> ACTIVITY
The task for the listing below is to write out exactly the lines starting at the one containing "Ισόγεια Ξύλινη Κατοικία" and ending at the one containing "A cobblestone street", both included. Pictures are to be omitted.

> RECORDS FOR THE EXERCISE

⁂

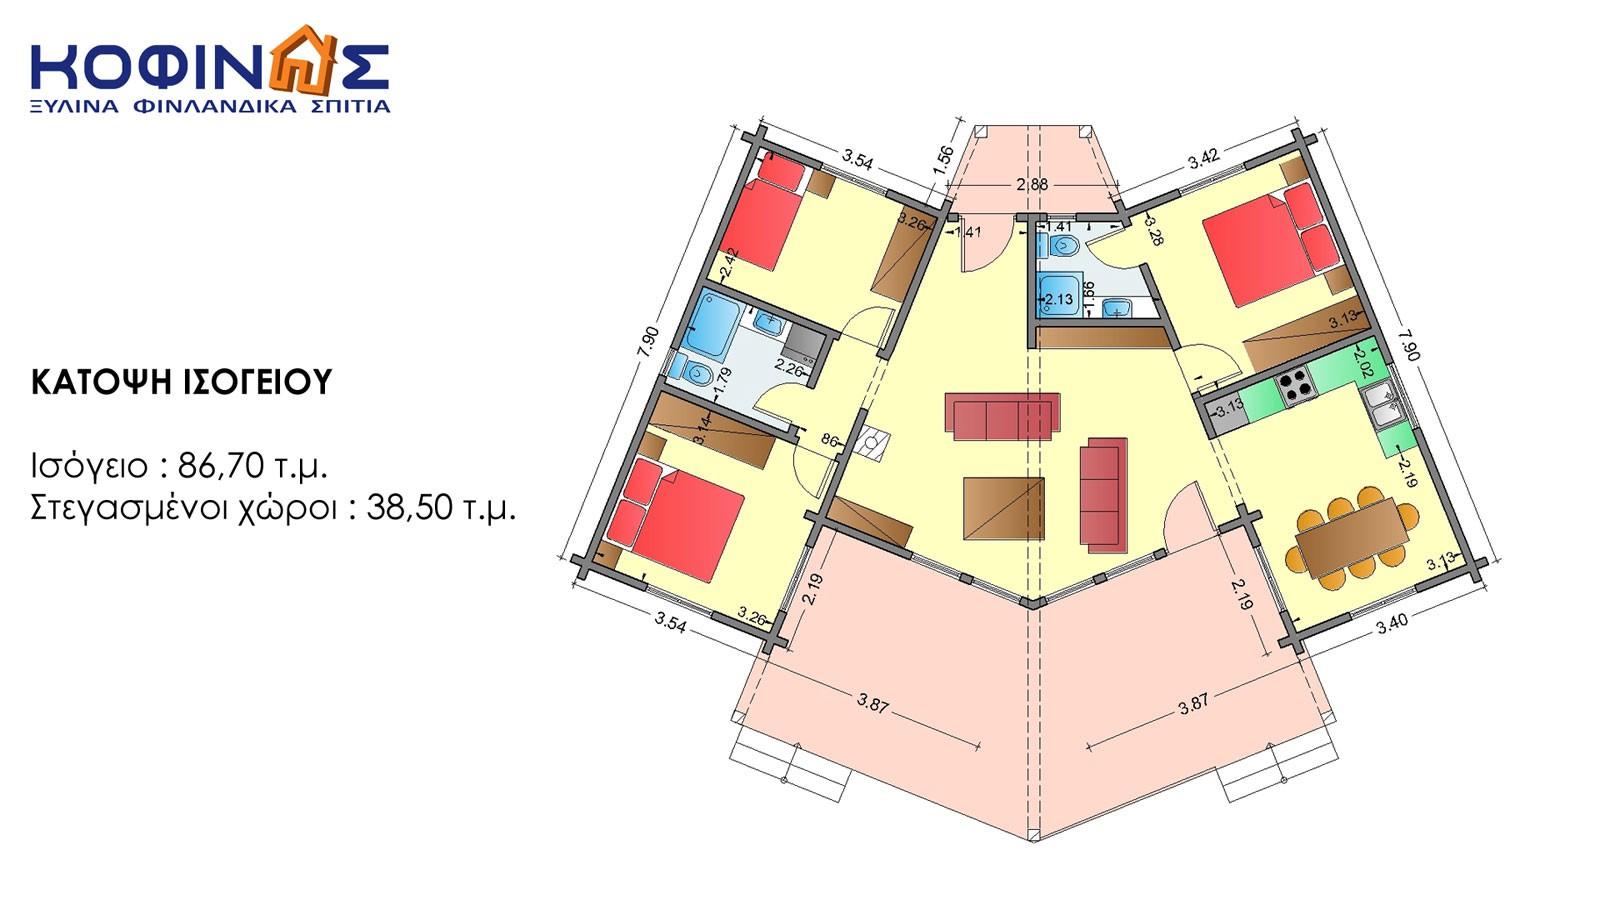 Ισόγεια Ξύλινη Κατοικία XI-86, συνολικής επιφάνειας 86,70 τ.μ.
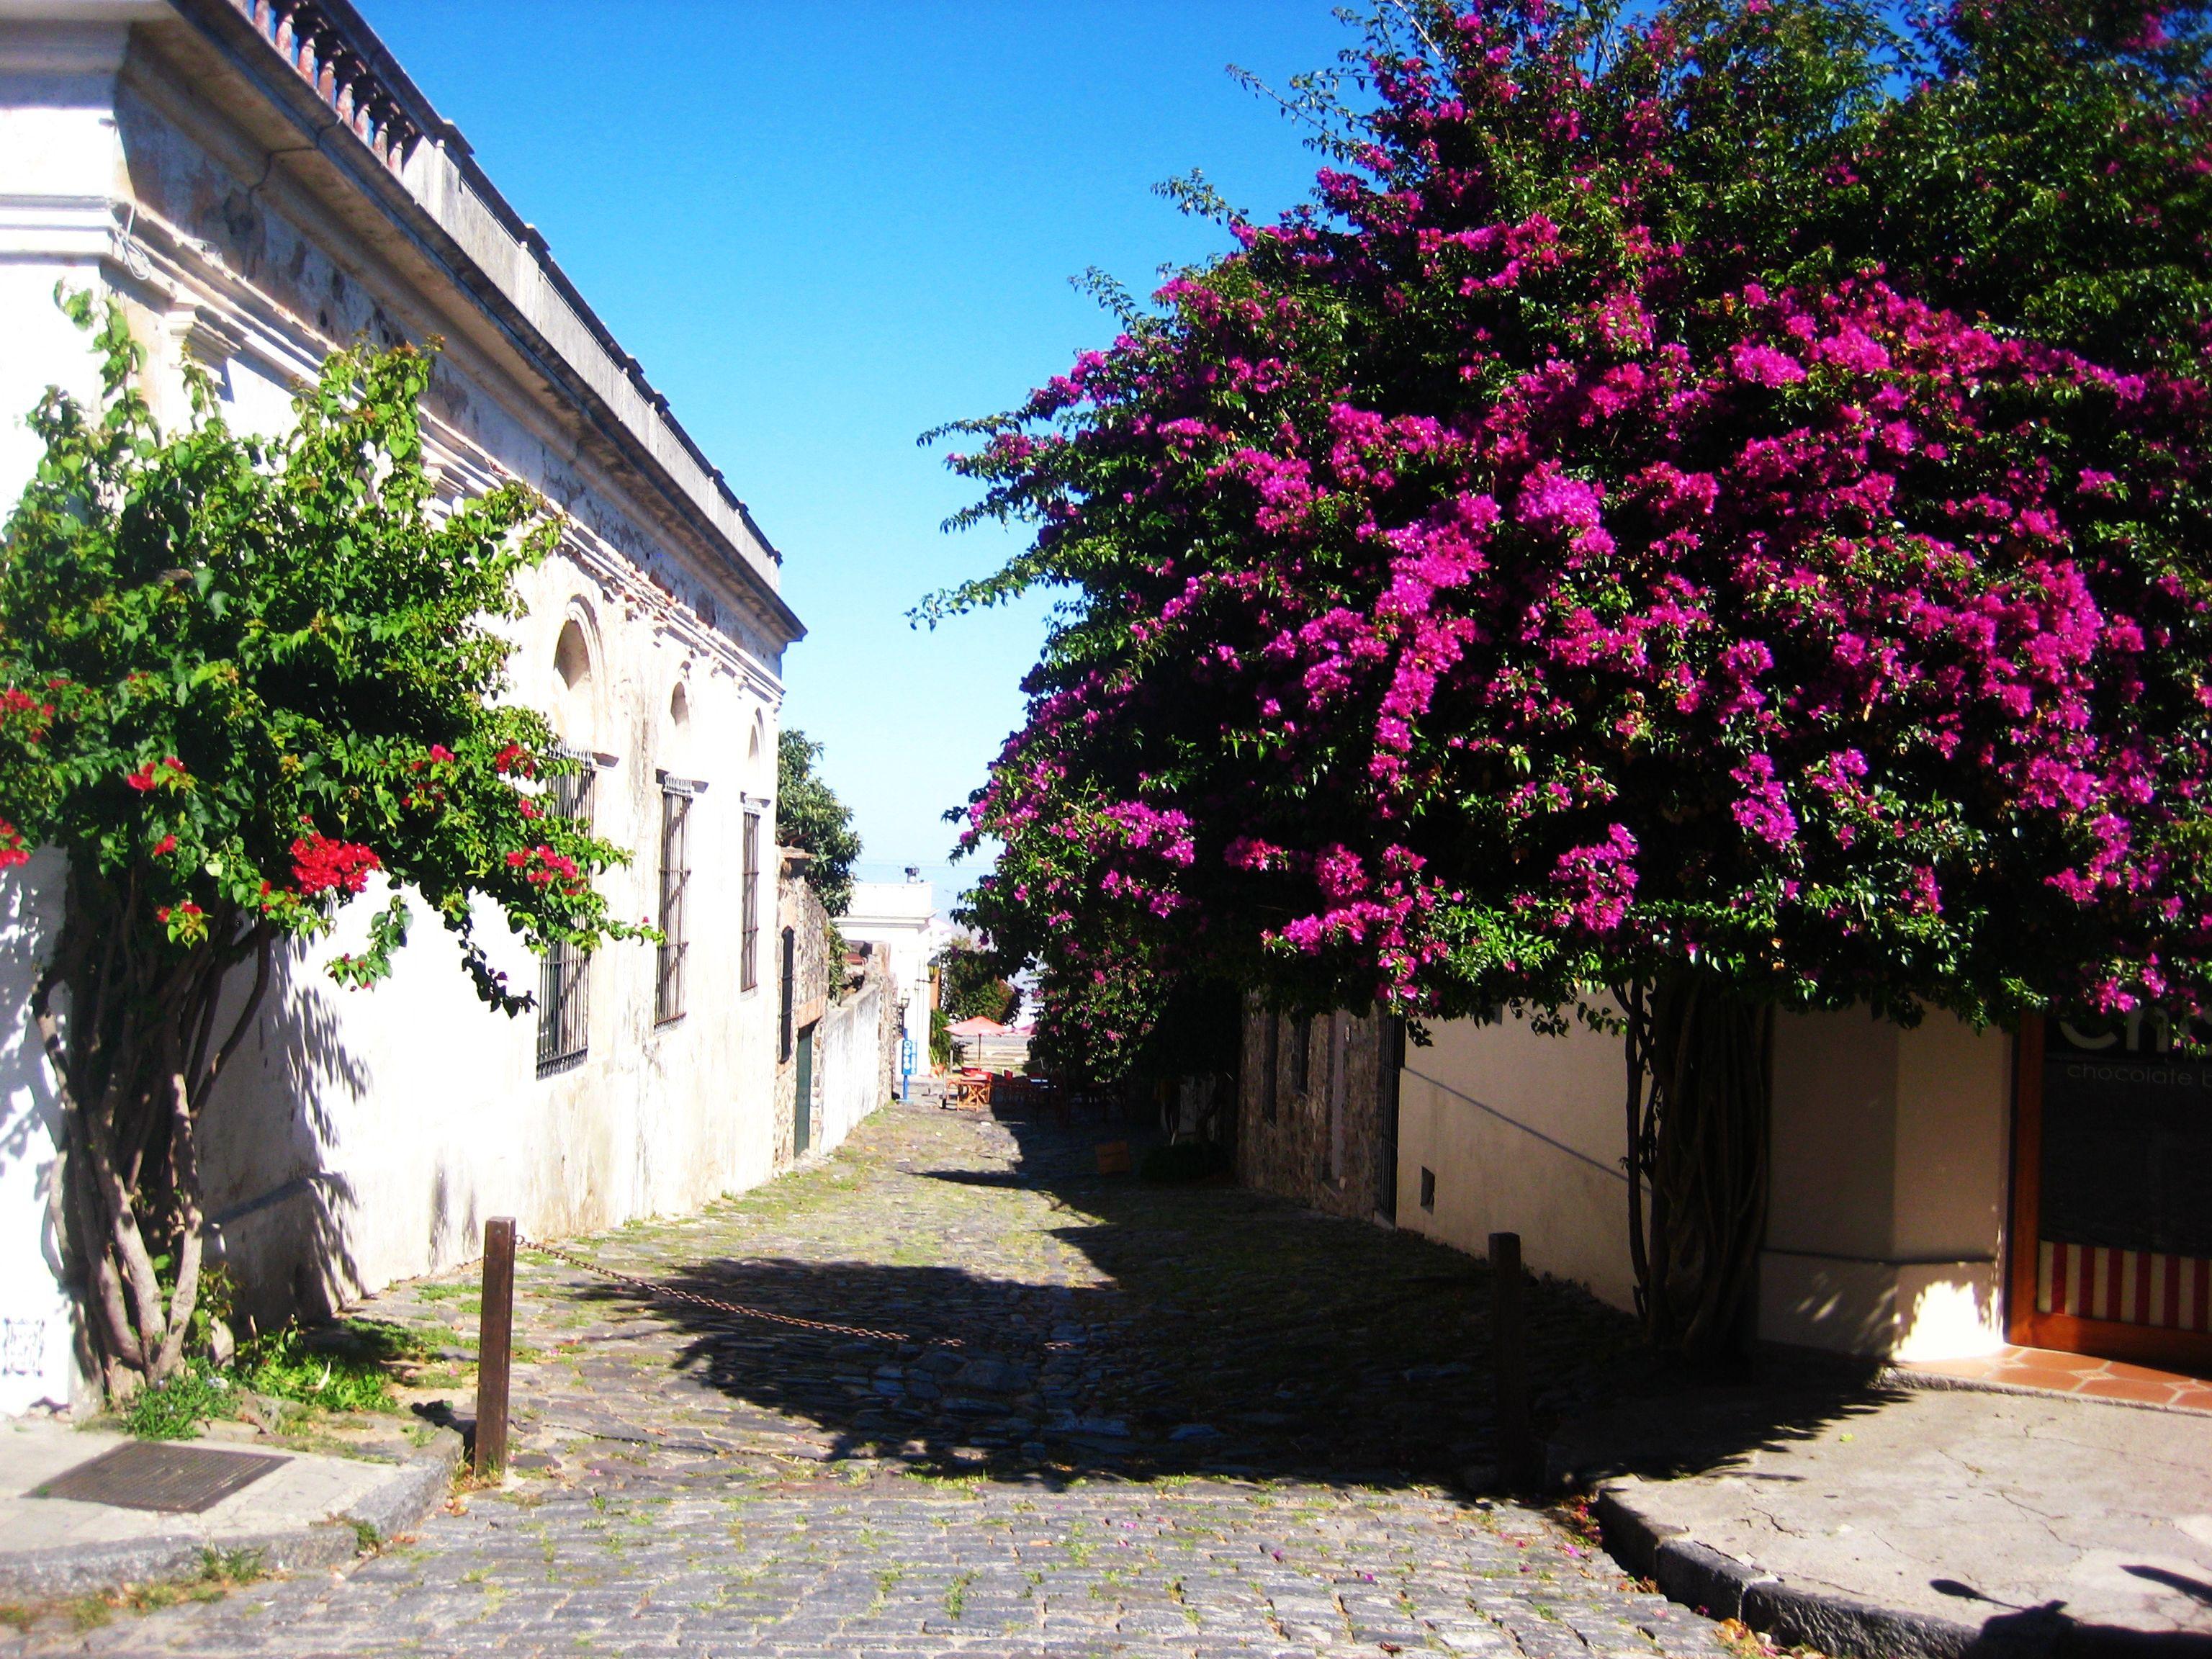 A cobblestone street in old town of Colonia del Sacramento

⁂

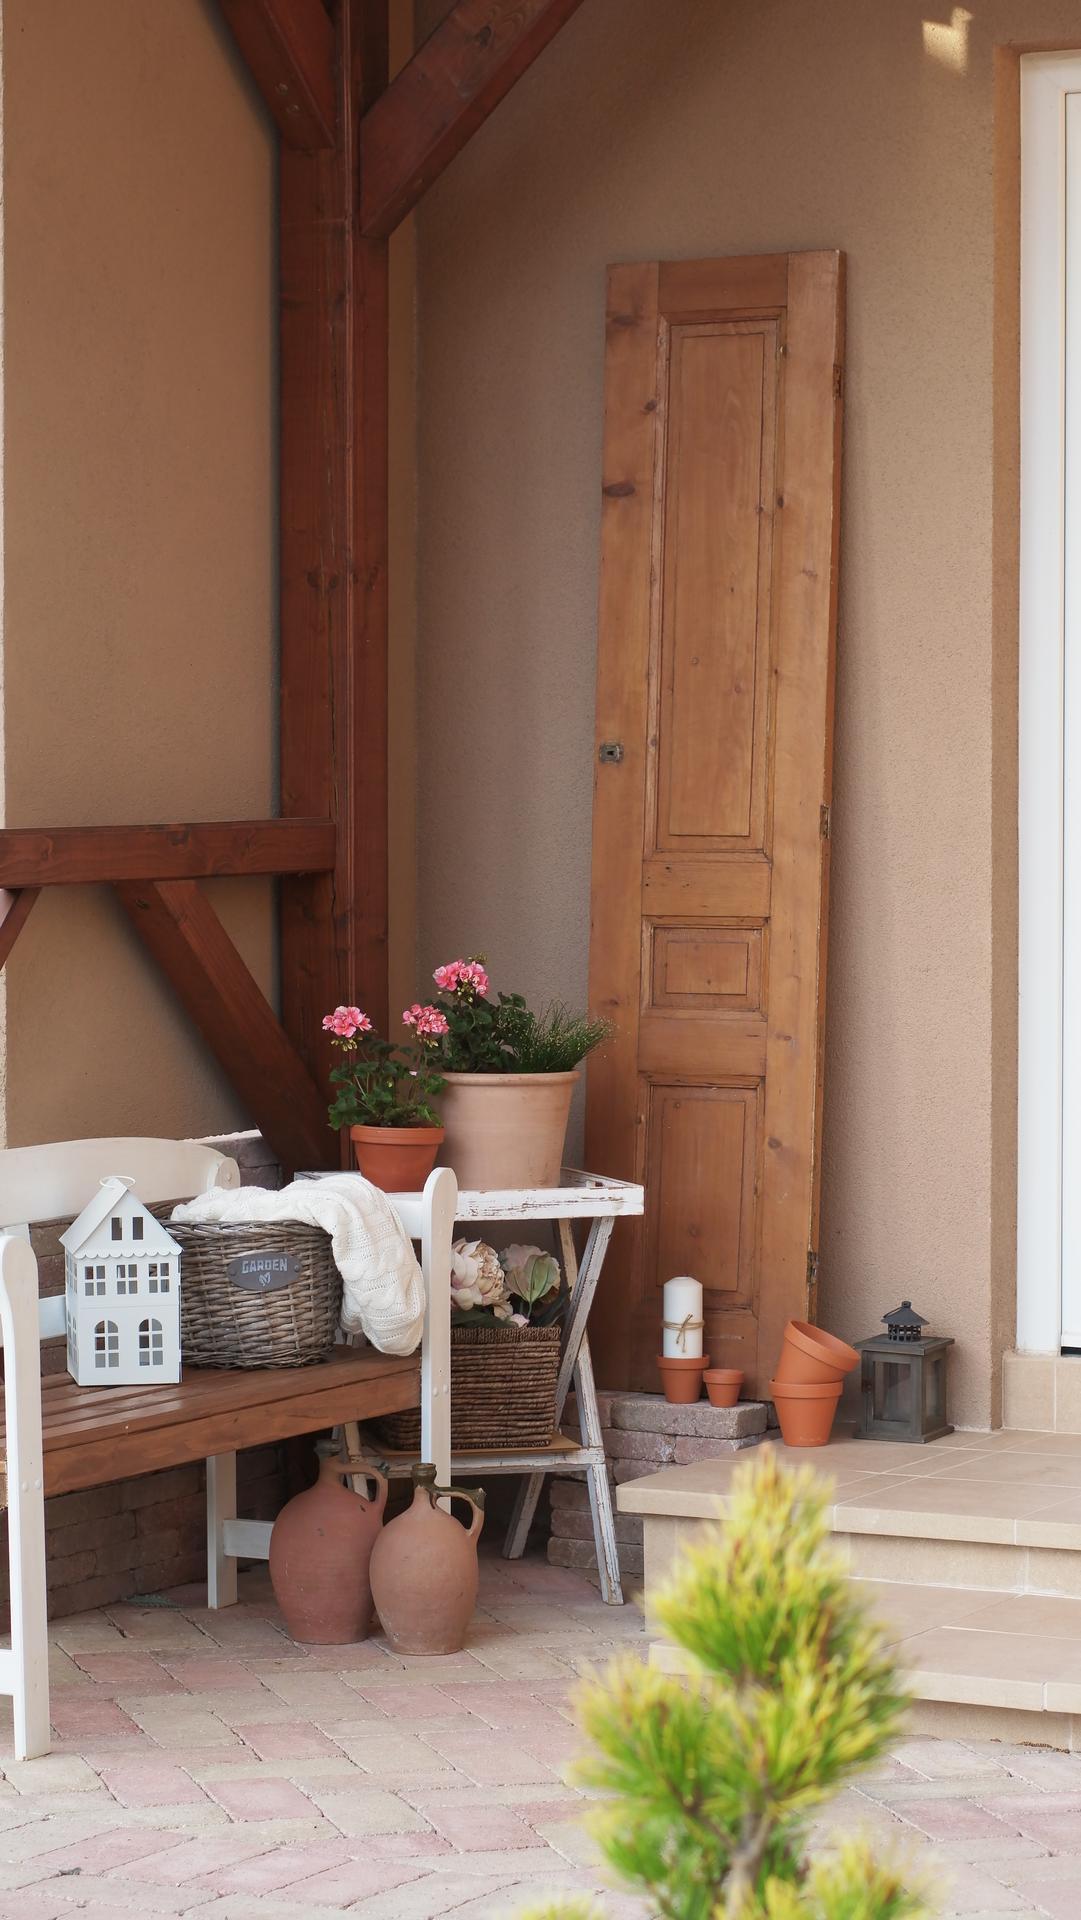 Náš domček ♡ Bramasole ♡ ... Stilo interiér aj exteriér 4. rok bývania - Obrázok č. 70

⁂

> SOLUTION FOR THIS TASK
 Ισόγεια Ξύλινη Κατοικία XI-86, συνολικής επιφάνειας 86,70 τ.μ.
 A cobblestone street in old town of Colonia del Sacramento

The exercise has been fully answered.